The Twins find themselves in a miserable predicament. They have a veteran roster, a pitching staff in shambles and one of the worst records in baseball (35-50). That constitutes a triple whammy, with no obvious or easy solution. No matter how cathartic the idea sounds, the team can't trade every underachieving player.

This situation gave me a flashback the other day. It was around this time six years ago that I visited the Twins' Class AA team in Chattanooga to chronicle their collection of hotshot prospects climbing the organizational ladder together.

That team included Byron Buxton, Miguel Sano, Jose Berrios, Jorge Polanco and Max Kepler.

"This is as good a baseball team as I've ever seen in minor leagues," Lookouts president and General Manager Rich Mozingo said that weekend. "Position by position, I've never seen a team this talented, ever."

The anticipation surrounding that group was intense. Just wait until they arrive, we all thought. The future appeared unlimited, and admittedly, I helped peddle that hype.

Six years later, there's not exactly an abundance of riches to show for that supposed can't-miss crew. A few playoff appearances with quick exits and four combined All-Star Game appearances, but nothing transformative.

Now everybody is screaming for a sell-off.

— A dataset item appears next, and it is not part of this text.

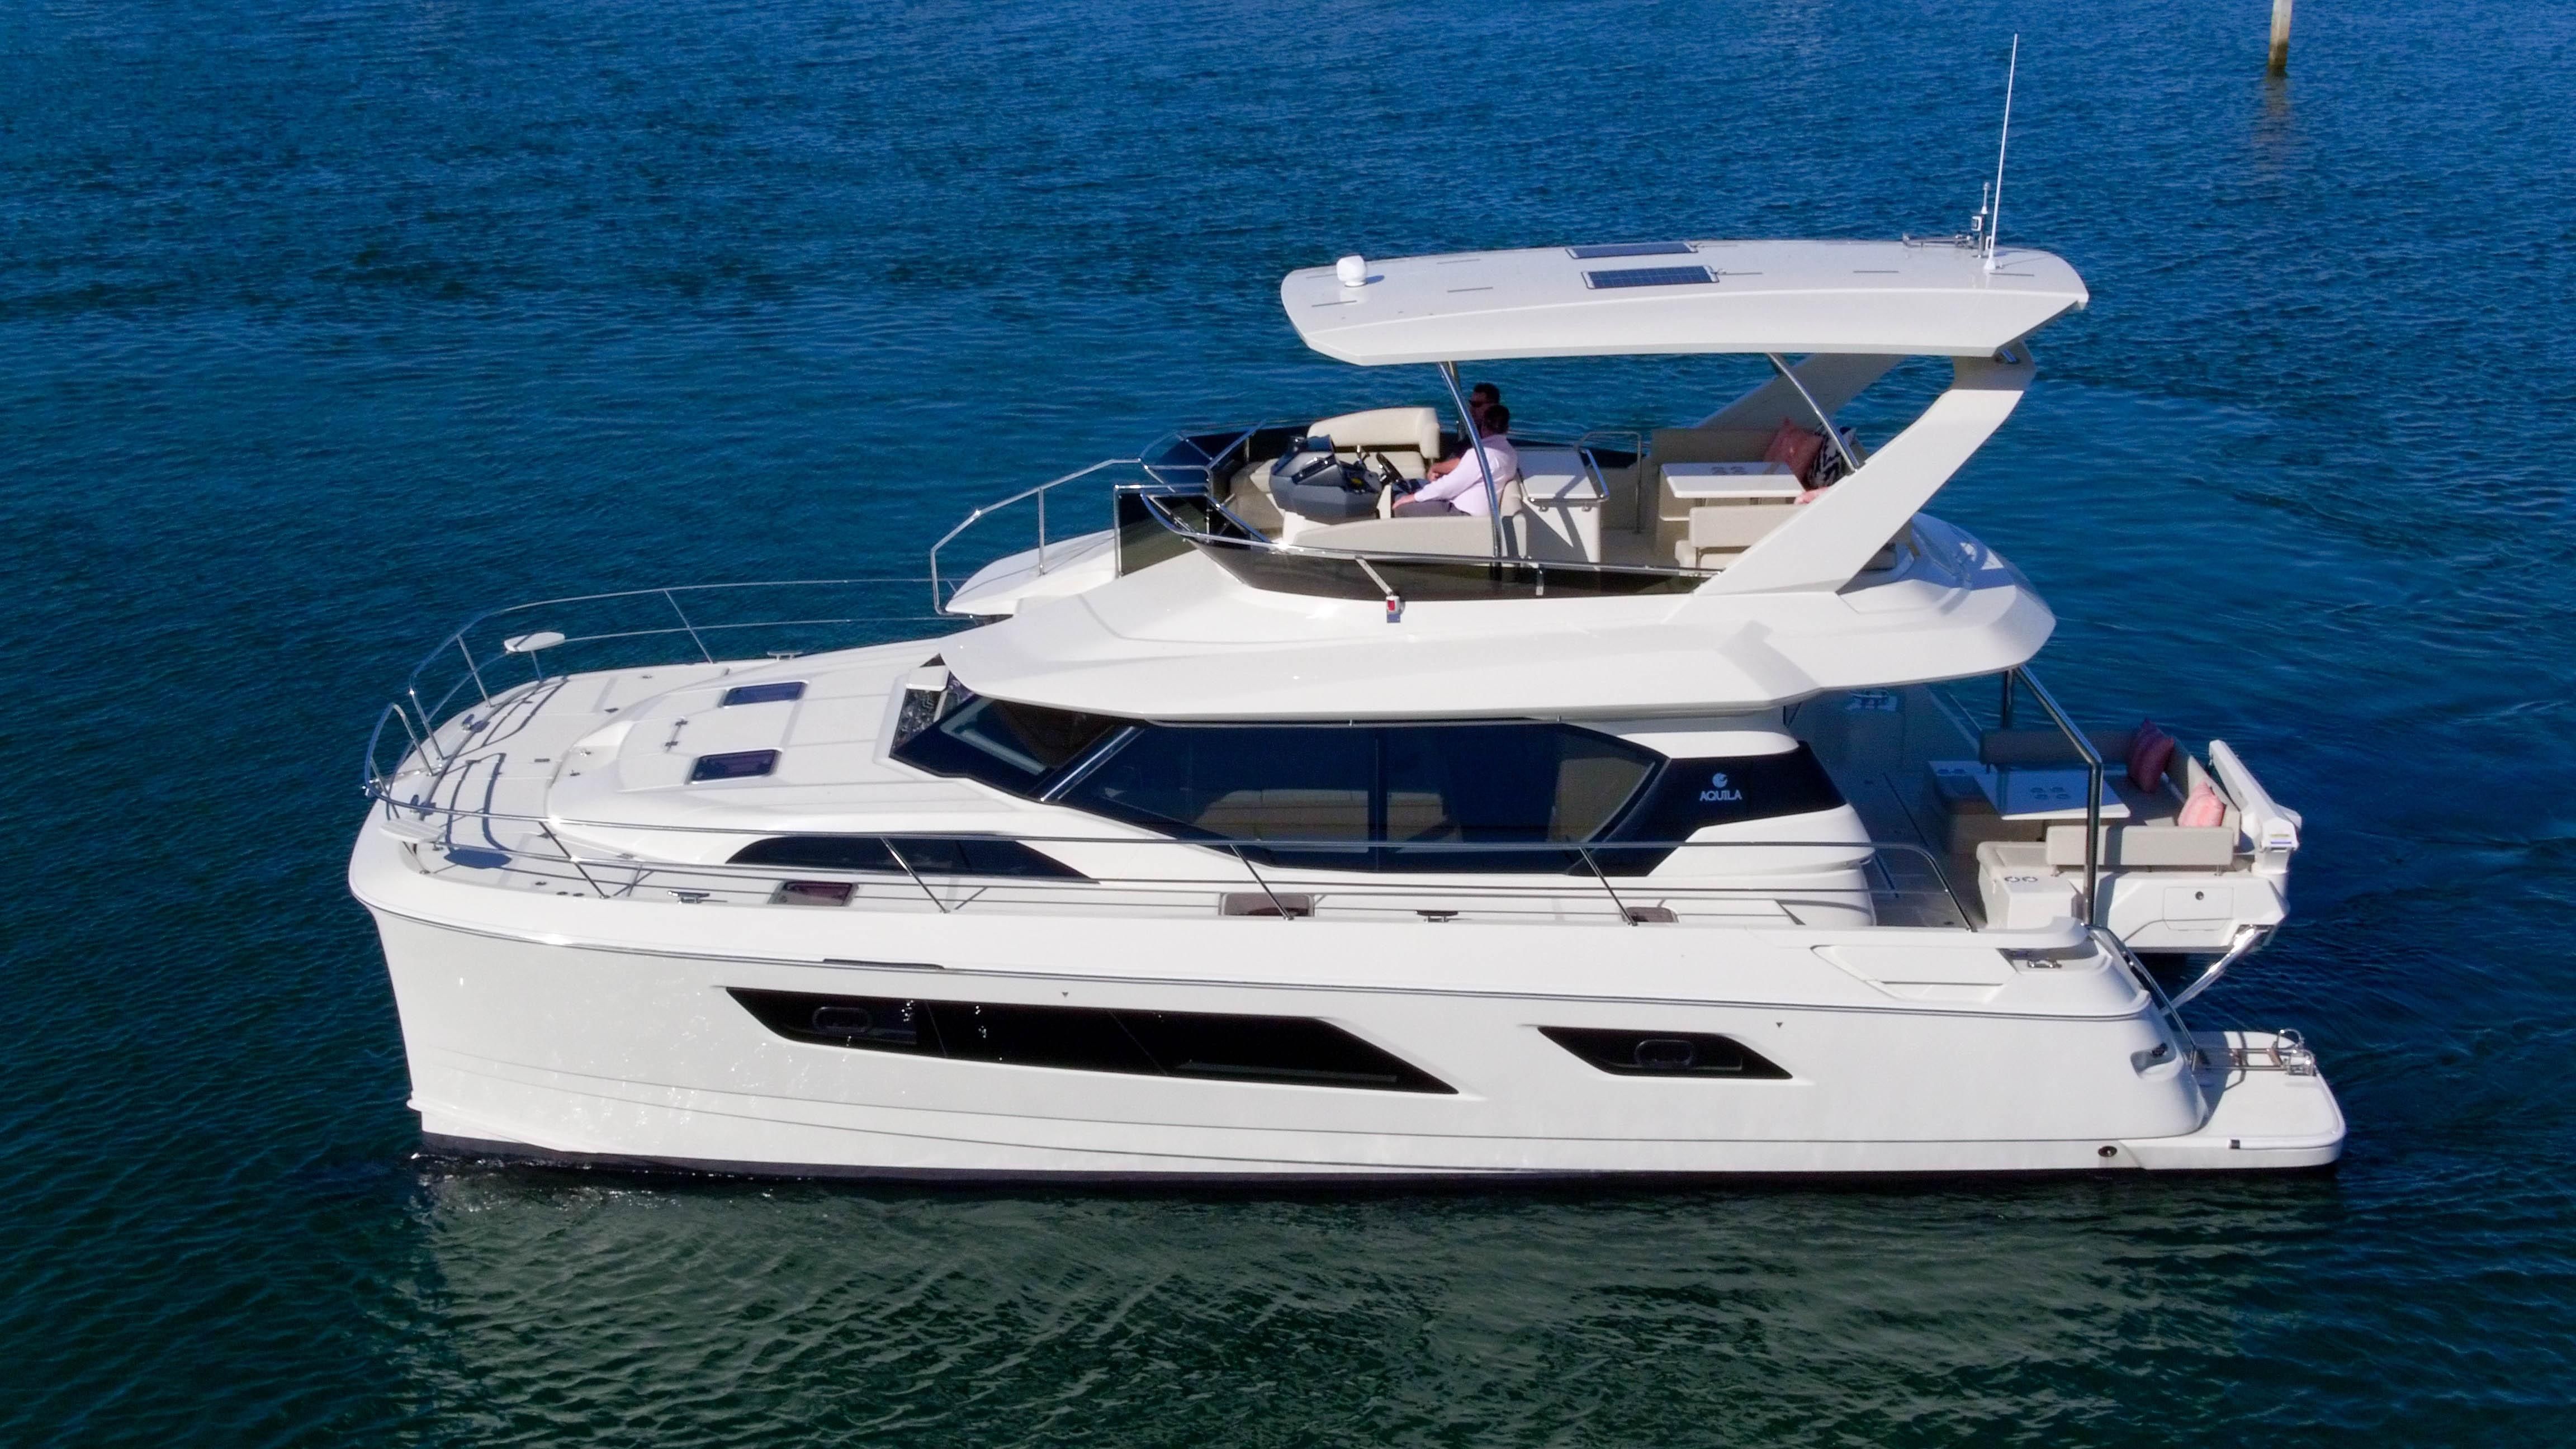 2018 aquila 44 power catamaran for sale - yachtworld

That's the tricky thing about where the organization finds itself: Nothing guarantees that veteran players who have some trade value will bounce back and perform at a suitable level next season, and nothing guarantees that loading up on prospects will produce playoff success in the future.

The pitching acquisitions that the front office orchestrated this past offseason have backfired spectacularly, which is a big reason why the club is considered a seller and not a buyer before the season has even reached the All-Star break.

Pointing to injuries as a primary culprit for this flop is far too convenient. The Twins certainly have been unlucky in that department, and the impact is undeniable, but that does not come with a free pass.

When considering expectations, the 2010 Vikings season (6-10) ranks as the undisputed most disappointing in my two-plus decades of covering sports in this market. The first part of this Twins season is No. 2 on that list. And it's only halfway over.